Heart Failure More Likely If a Parent Had the Condition
Study shows significant increase in chances of heart failure over 10 years if parents had the disease
WEDNESDAY, July 12 (HealthDay News) -- Patients who have a parent with heart failure are more likely to have left ventricular dysfunction and eventually develop the condition themselves compared with those whose parents do not have heart failure, according to a report in the July 13 issue of the New England Journal of Medicine.
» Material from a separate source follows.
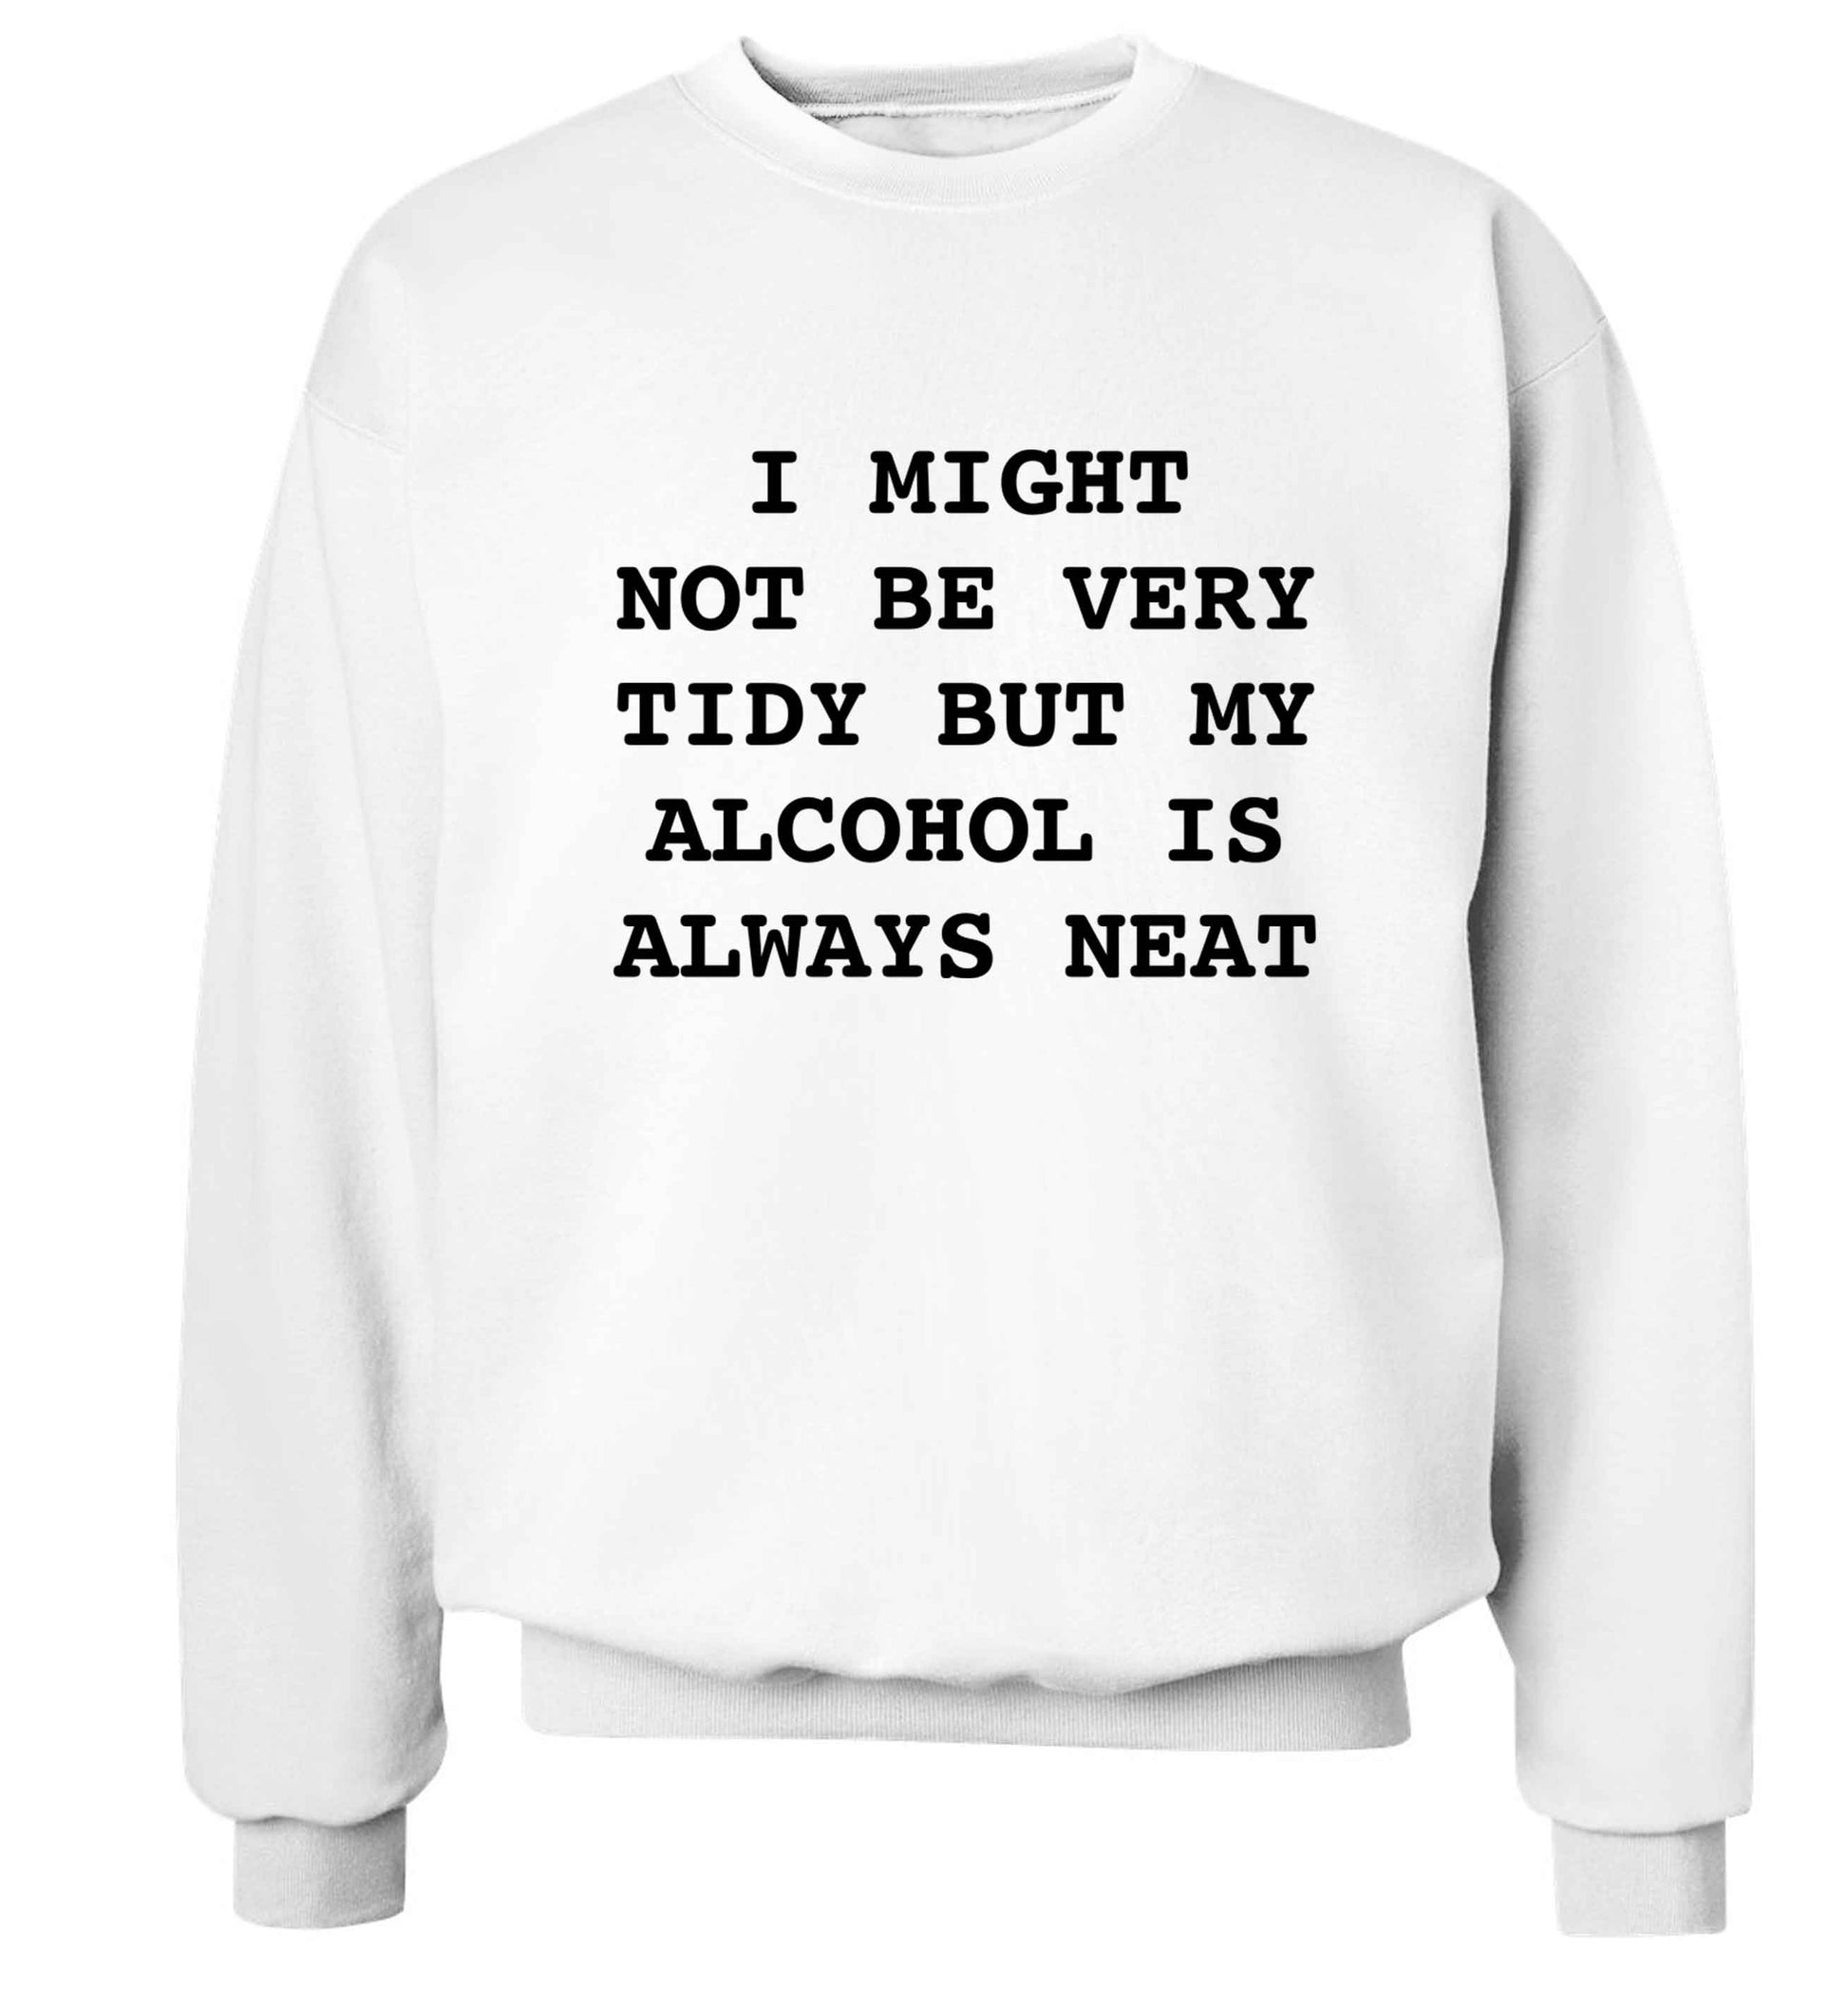 I might not be tidy but my alcohol is always neat Adult's unisex white Sweater 2XL

Ramachandran S. Vasan, M.D., of the Boston University School of Medicine and the Framingham Heart Study in Boston, and colleagues examined the cross-sectional association of heart failure in parents in the Framingham Offspring Study cohort. The study included 1,497 offspring with an average age of 57, including 1,039 offspring whose parents did not have heart failure.
The 458 participants who had parents with heart failure were more likely than those who did not to have increased left ventricular mass (26.9 versus 17 percent), left ventricular internal dimensions (23.4 versus 18.6 percent), and left ventricular systolic dysfunction (5.7 versus 3.1 percent). The adjusted 10-year incidence of heart failure was 2.72 percent in subjects who had parents with heart failure compared to 1.62 percent in those whose parents did not.
"Our data emphasize the contribution of familial factors to the heart-failure burden in the community," the authors write. "Provided that parental occurrence of heart failure can be ascertained reliably by a thorough history taking, this information may facilitate early identification of persons at risk for heart failure."